*The task*. Please give the whole listing again word for word, and drop any pictures it holds.

[[ The data, beginning ]]

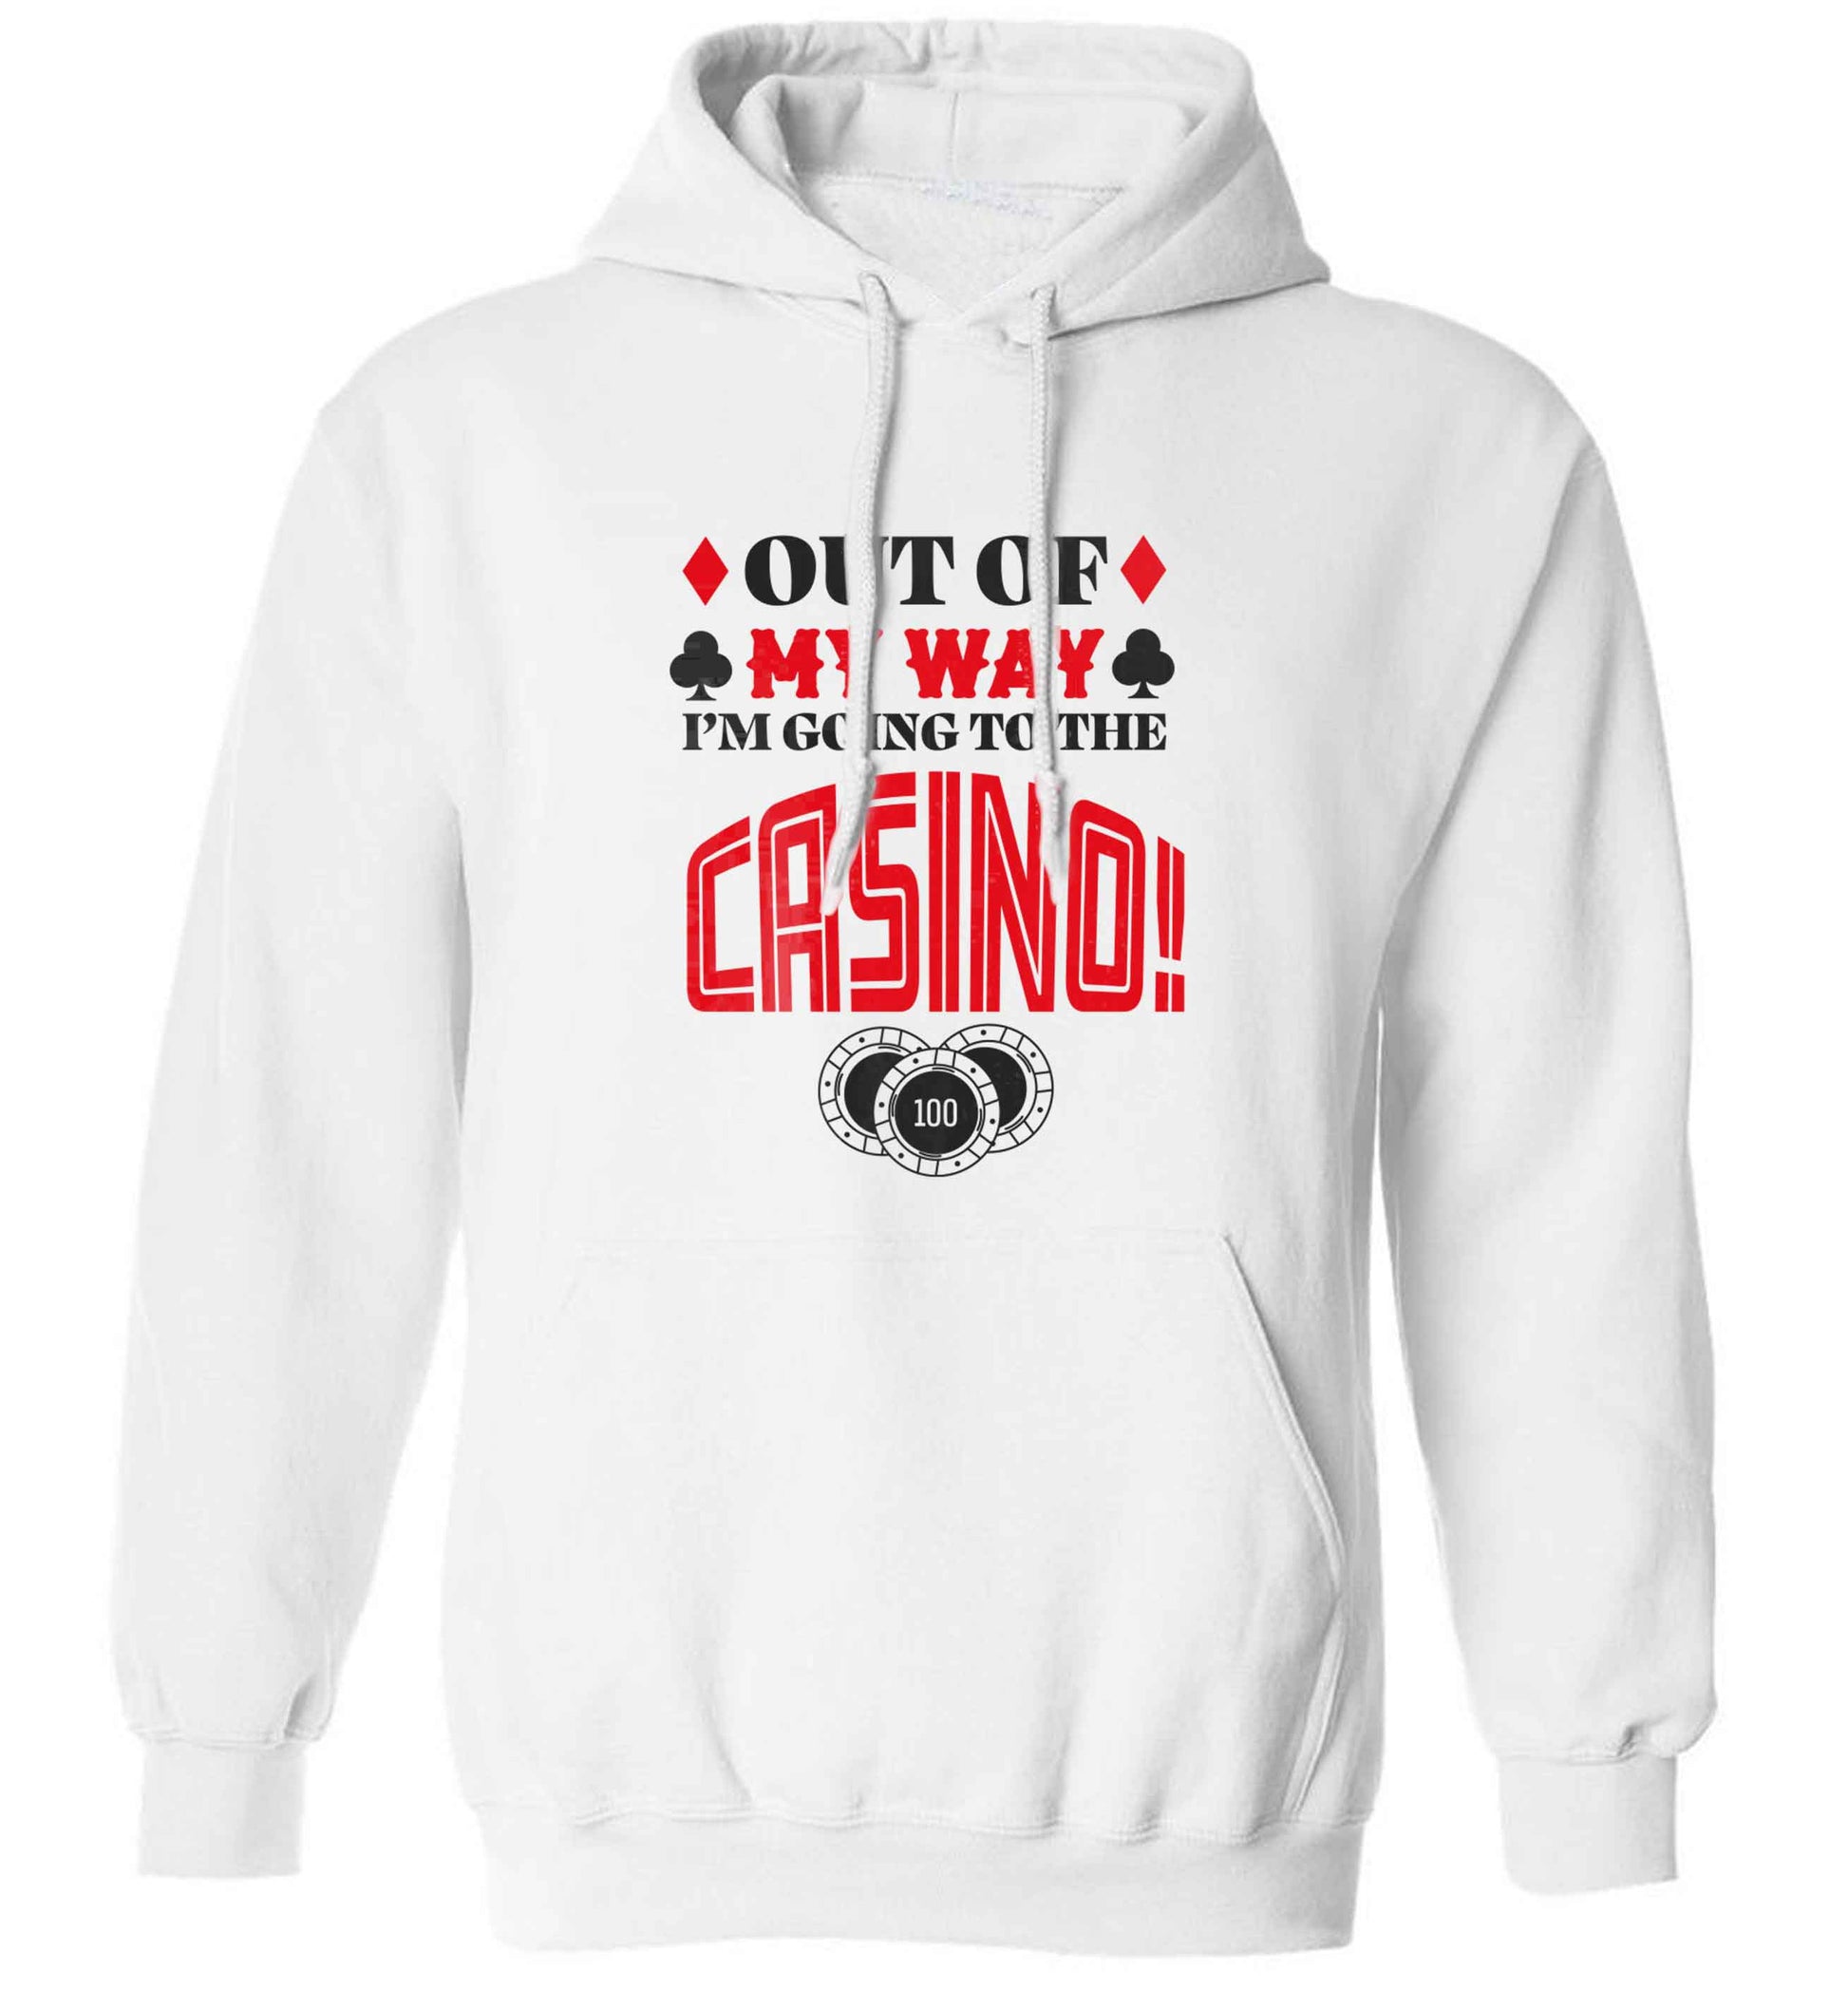 Out of my way I'm going to the casino adults unisex white hoodie 2XL
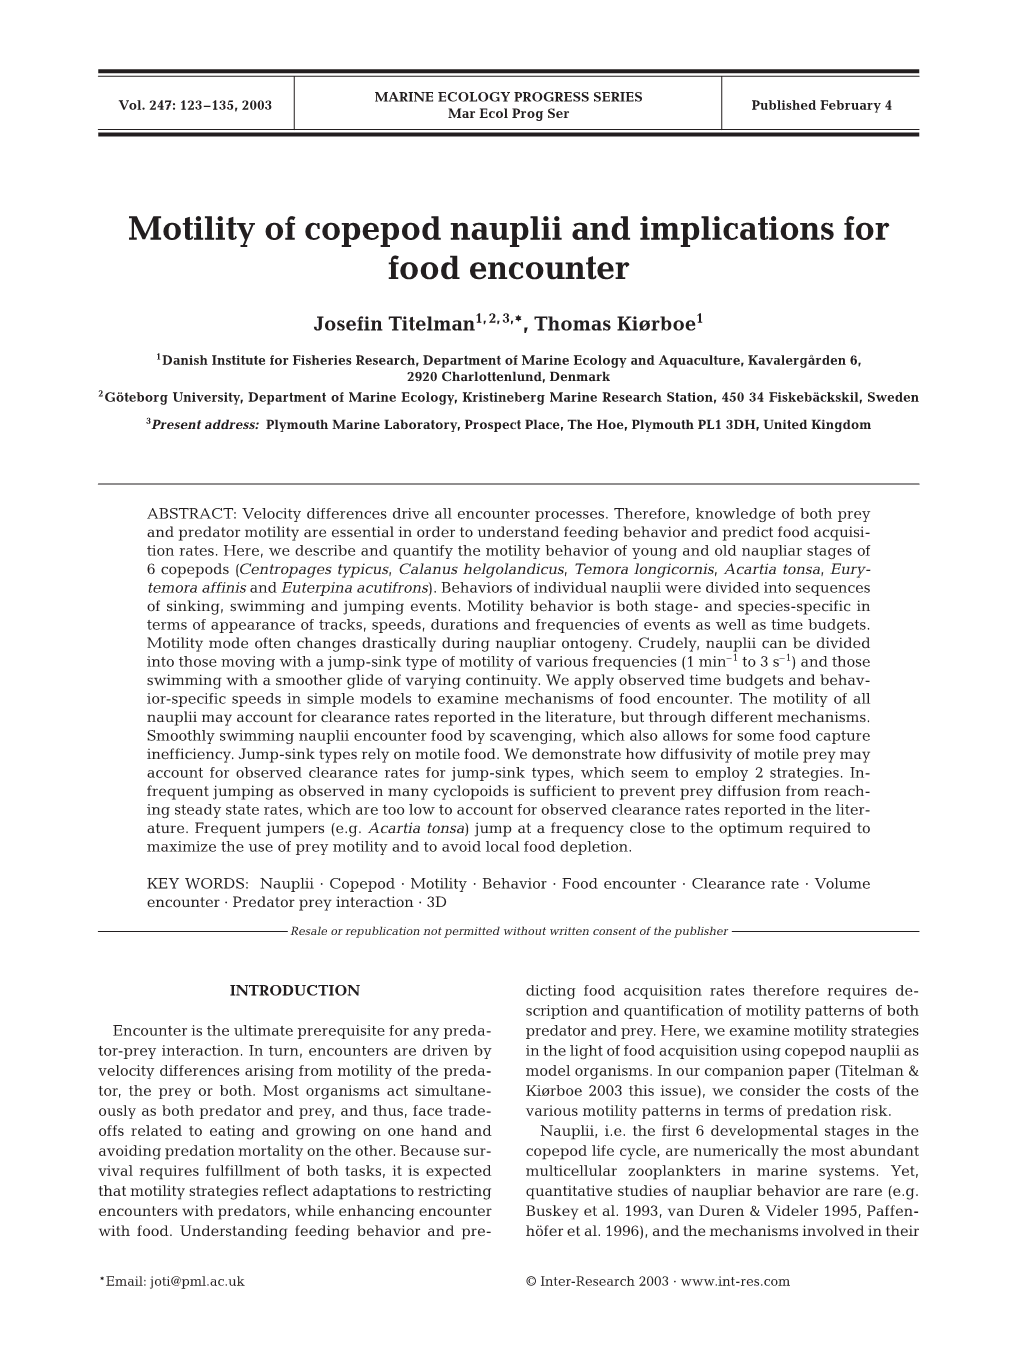 Motility of Copepod Nauplii and Implications for Food Encounter
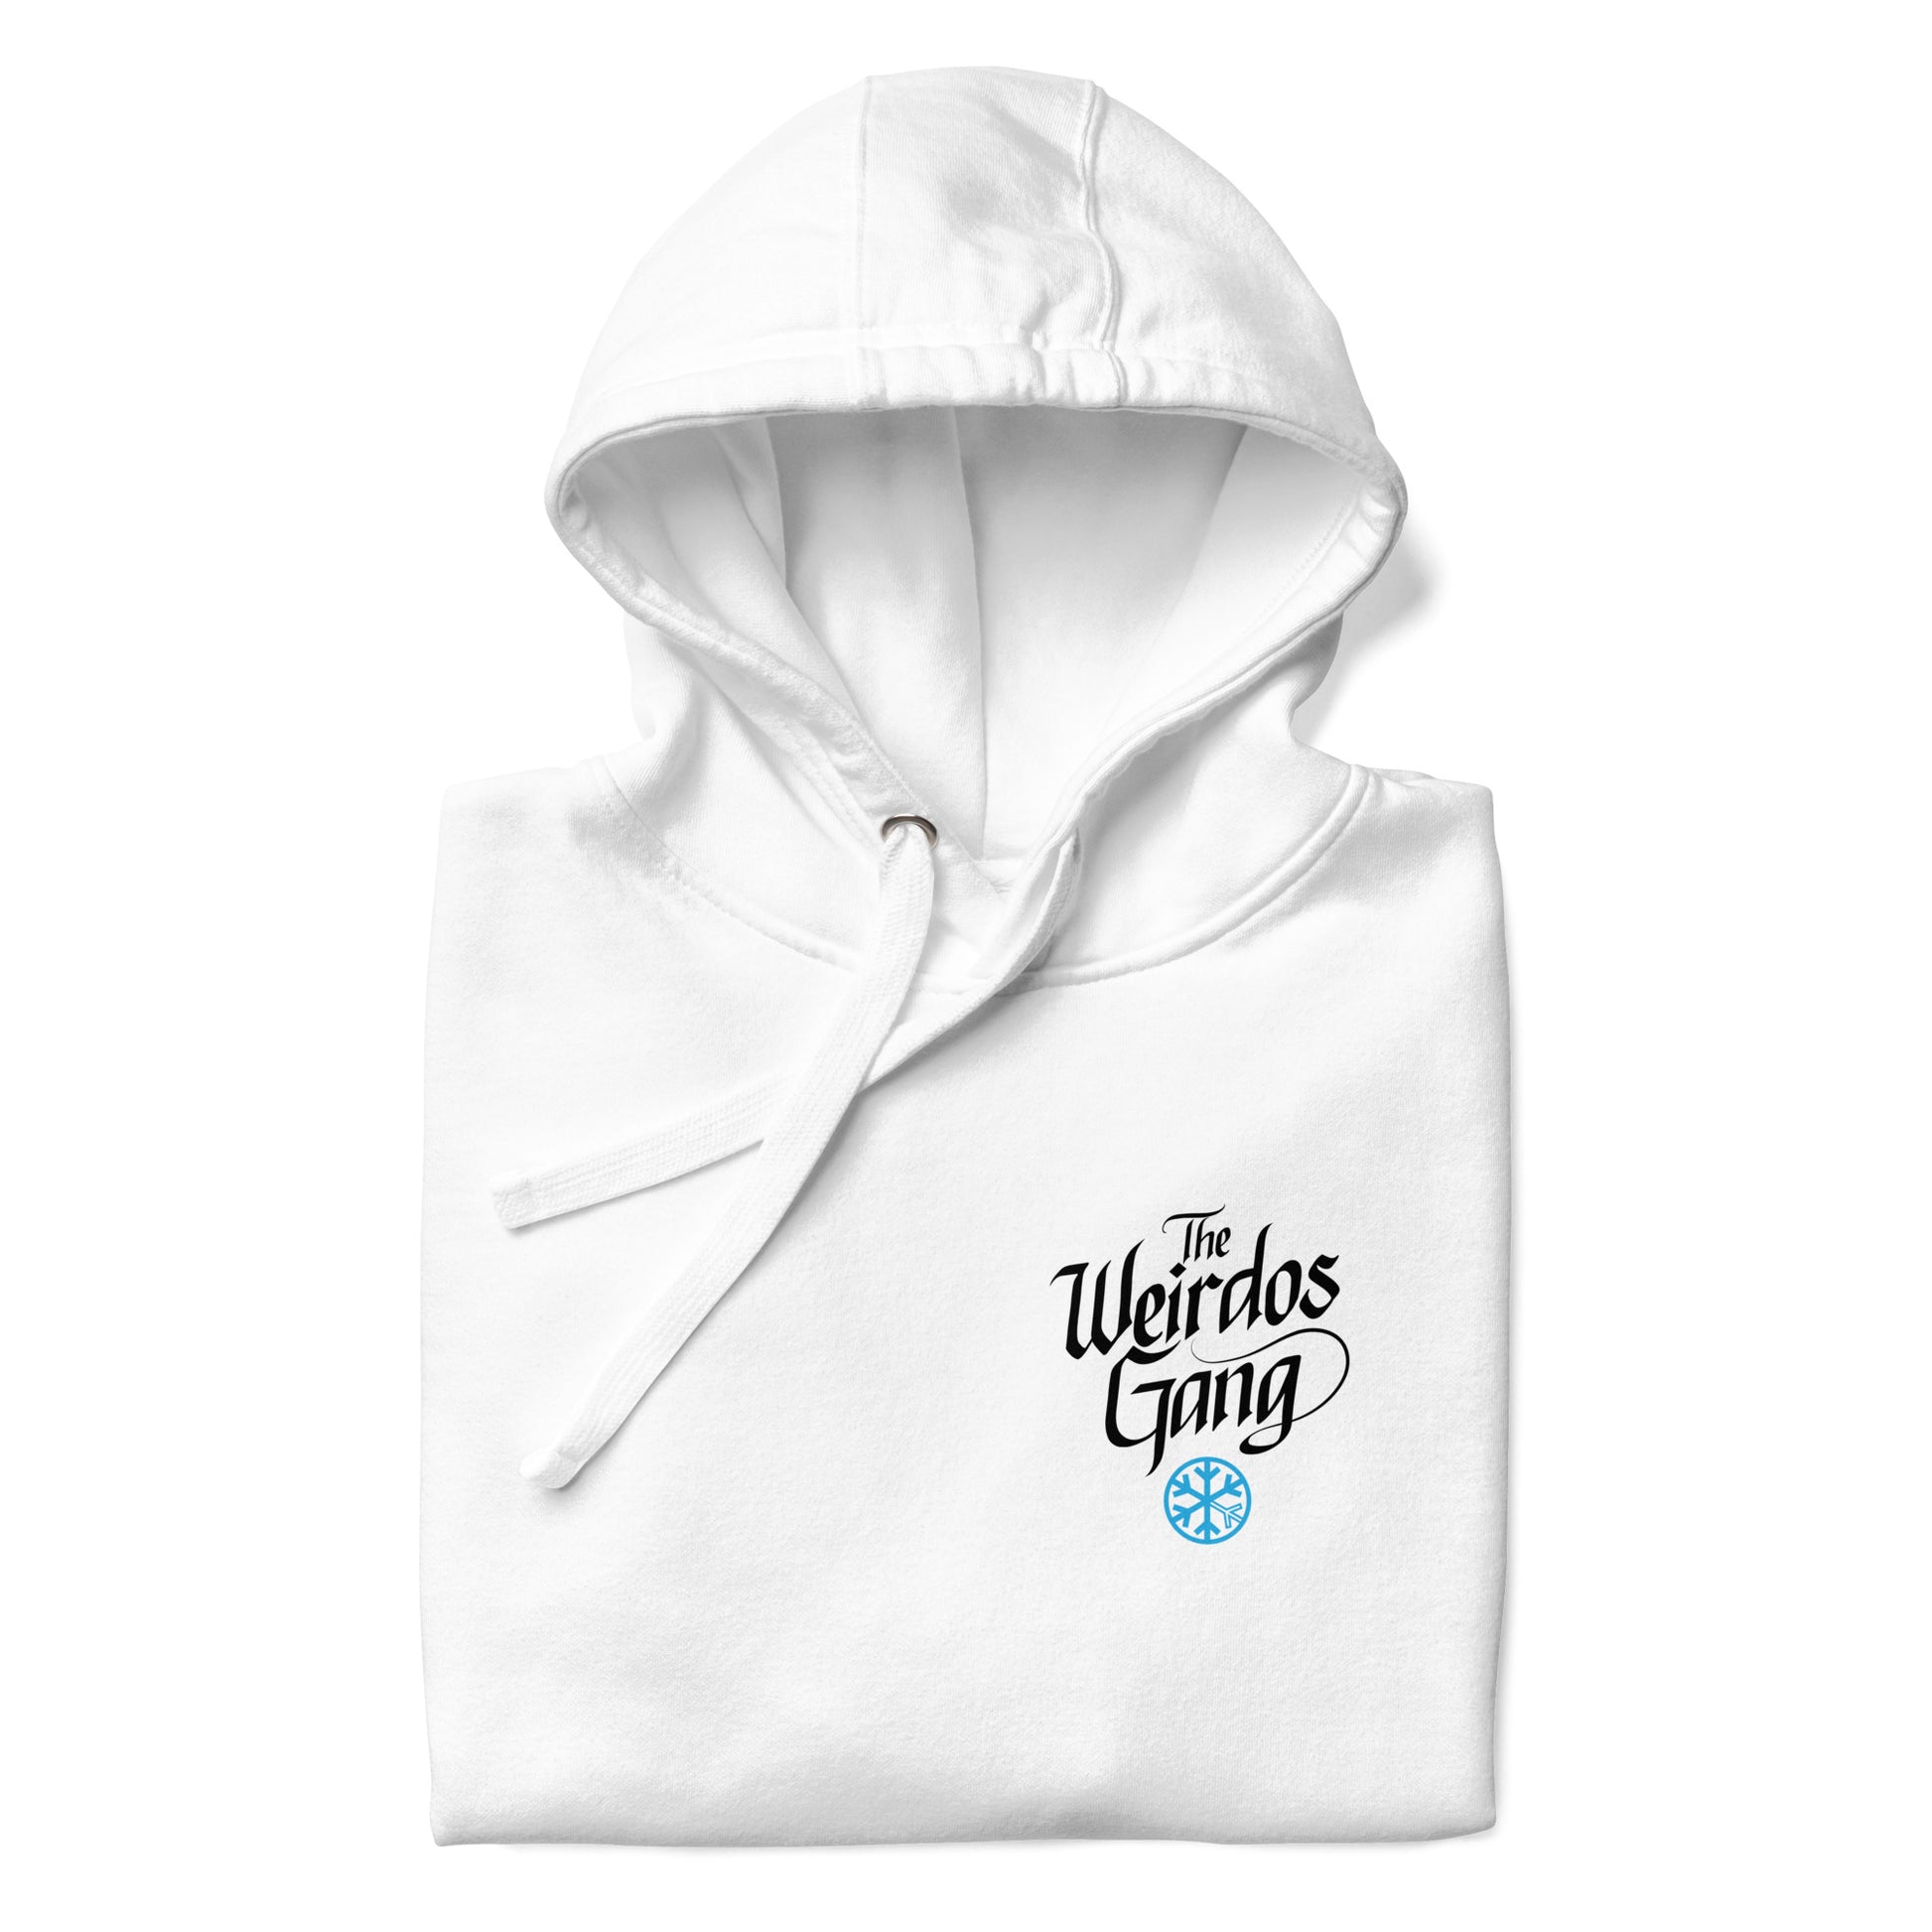 folded Weirdos Gang lettering hoodie white by B.Different Clothing street art graffiti inspired brand for weirdos, outsiders, and misfits.

[[ The data, end ]]

*Exercise result*.
 Out of my way I'm going to the casino adults unisex white hoodie 2XL
 Motility of Copepod Nauplii and Implications for Food Encounter
 folded Weirdos Gang lettering hoodie white by B.Different Clothing street art graffiti inspired brand for weirdos, outsiders, and misfits.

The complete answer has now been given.